### What needs to be done
One exact copy of the listing, minus the images, is the required answer.

### Exercise data
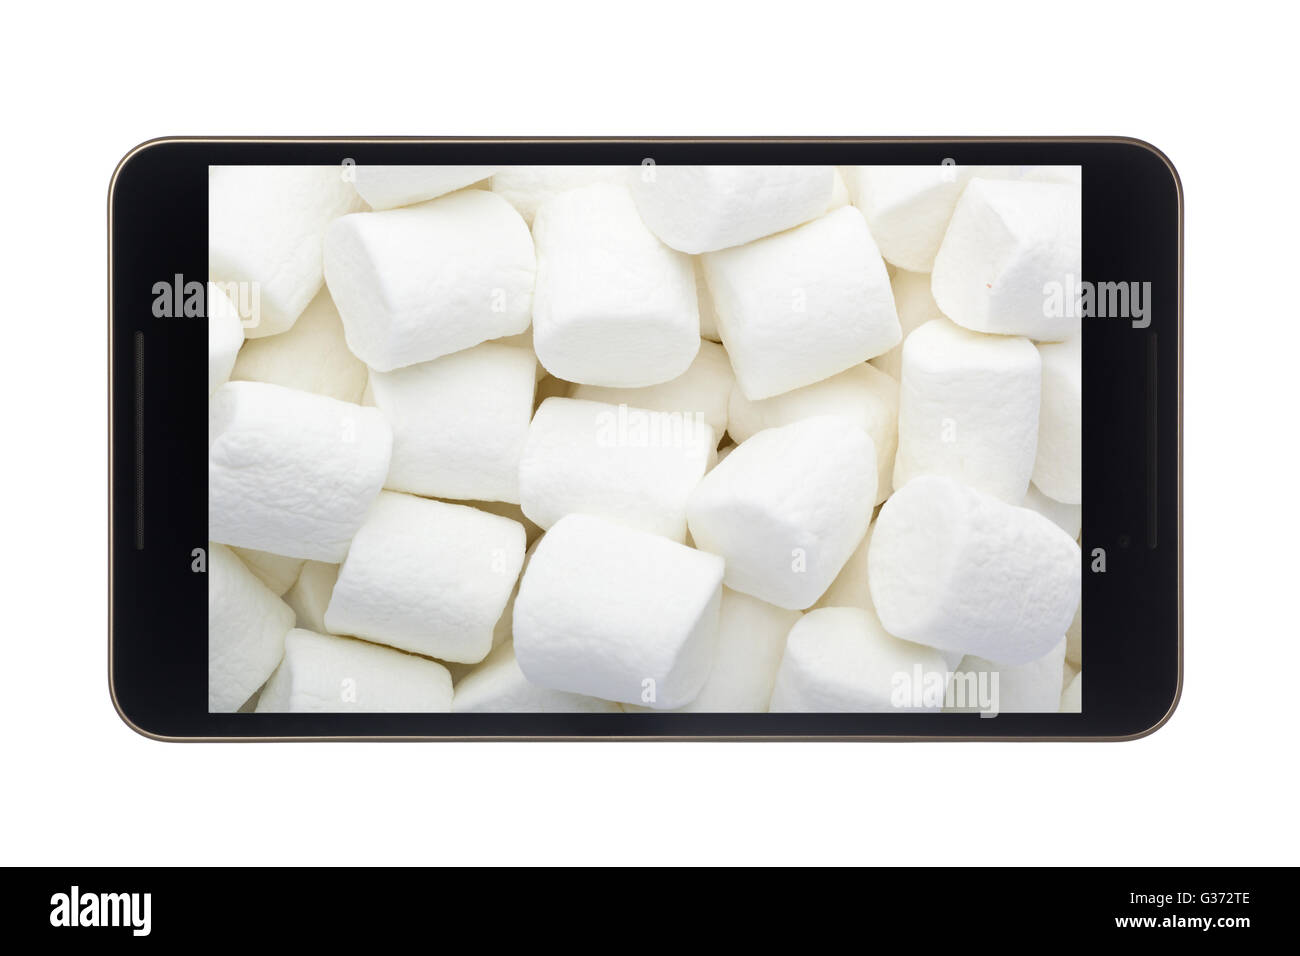 Eibisch in Android-Smartphone - Konzept für Betriebssystem Android Marshmallow Stockfoto
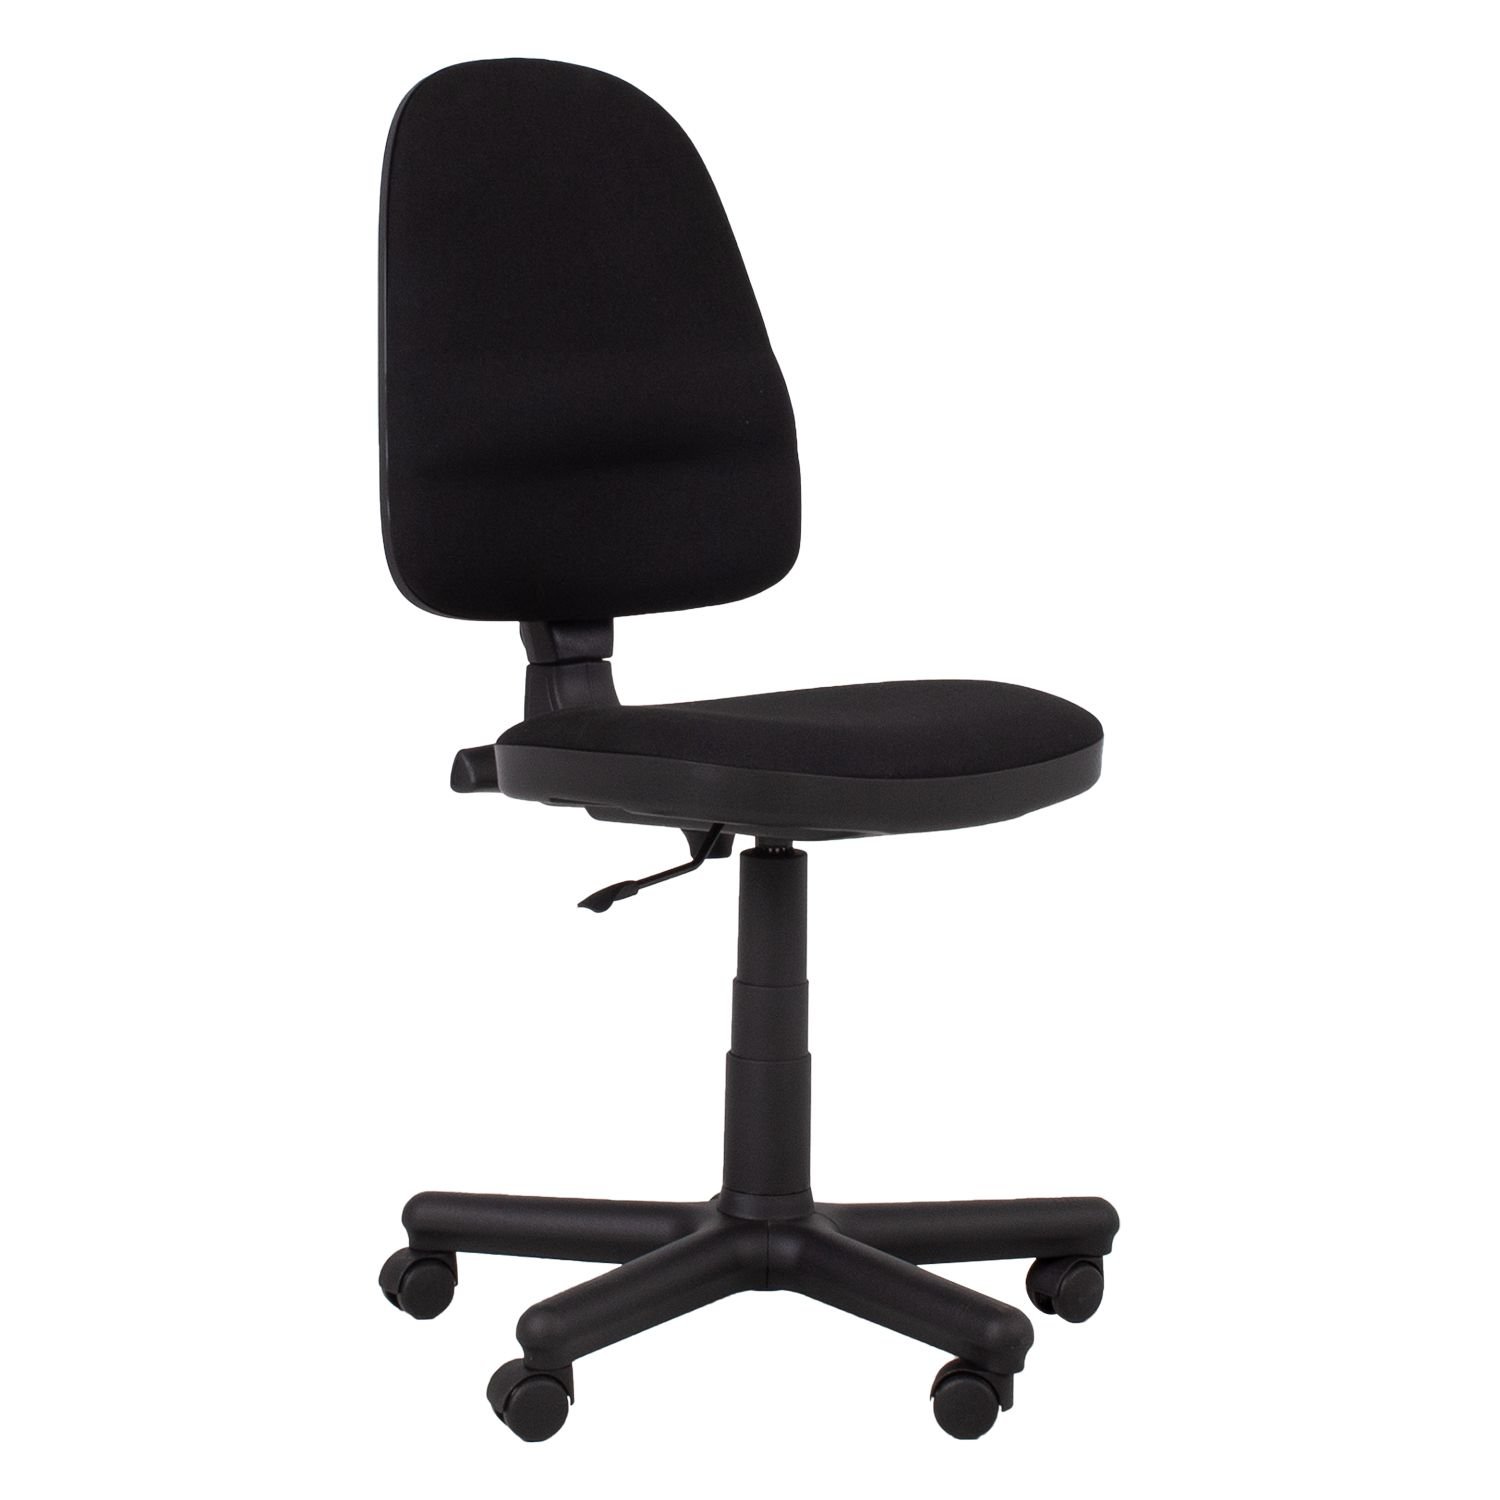 Biuro kėdė PRESTIGE 46x44,5x95,5-113,5 cm, juoda
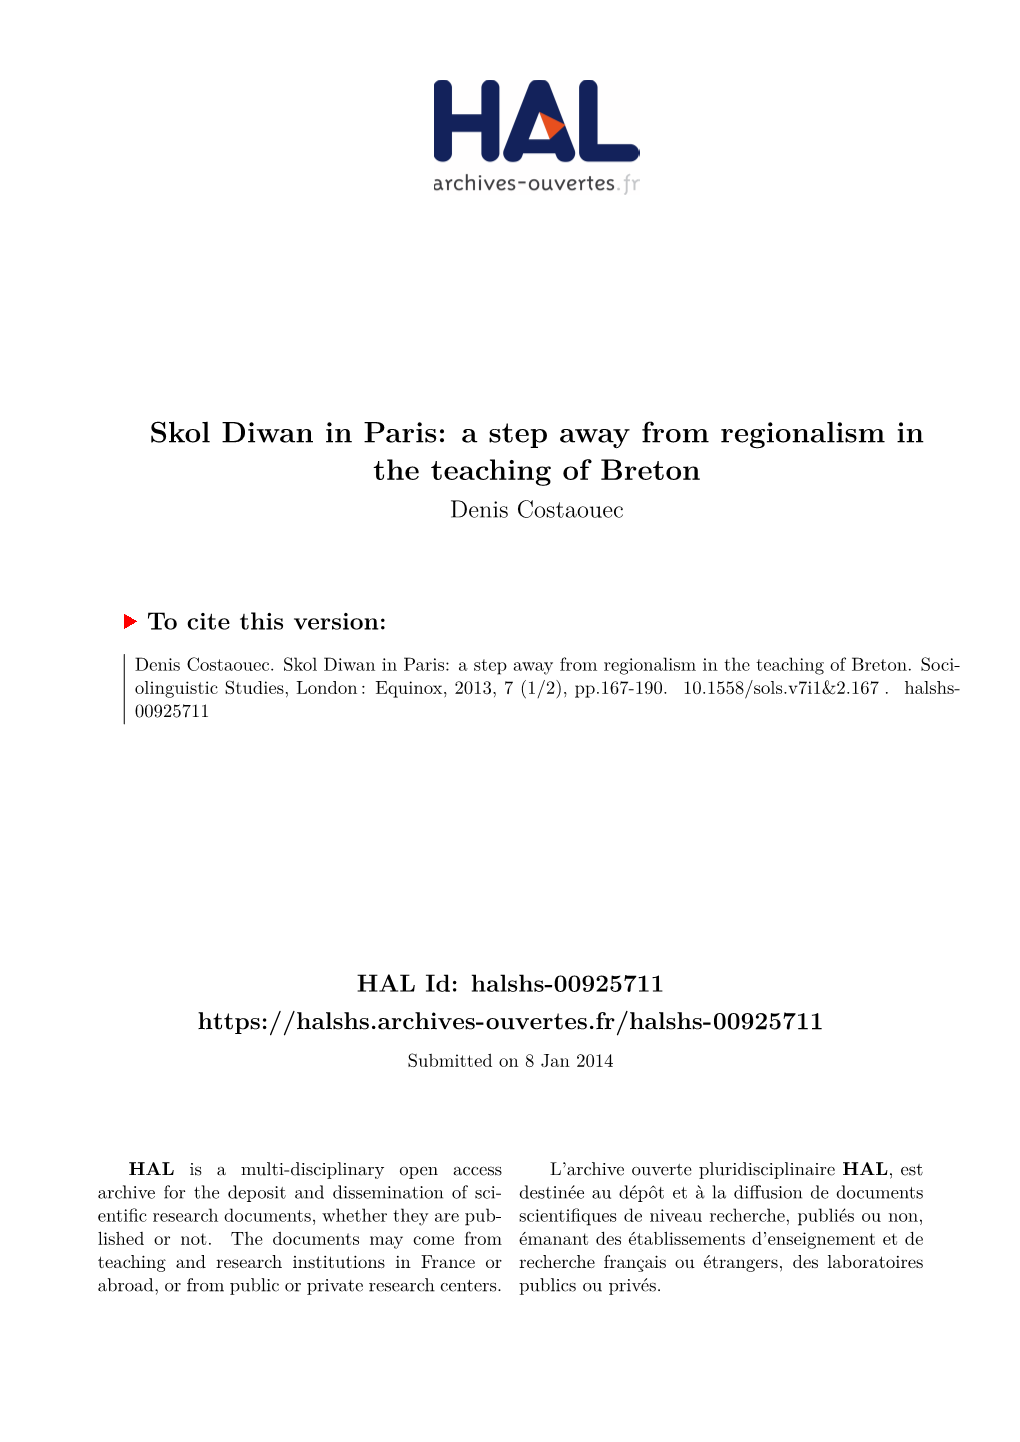 Skol Diwan in Paris: a Step Away from Regionalism in the Teaching of Breton Denis Costaouec

### Task result
 Eibisch in Android-Smartphone - Konzept für Betriebssystem Android Marshmallow Stockfoto
 Biuro kėdė PRESTIGE 46x44,5x95,5-113,5 cm, juoda
 Skol Diwan in Paris: a Step Away from Regionalism in the Teaching of Breton Denis Costaouec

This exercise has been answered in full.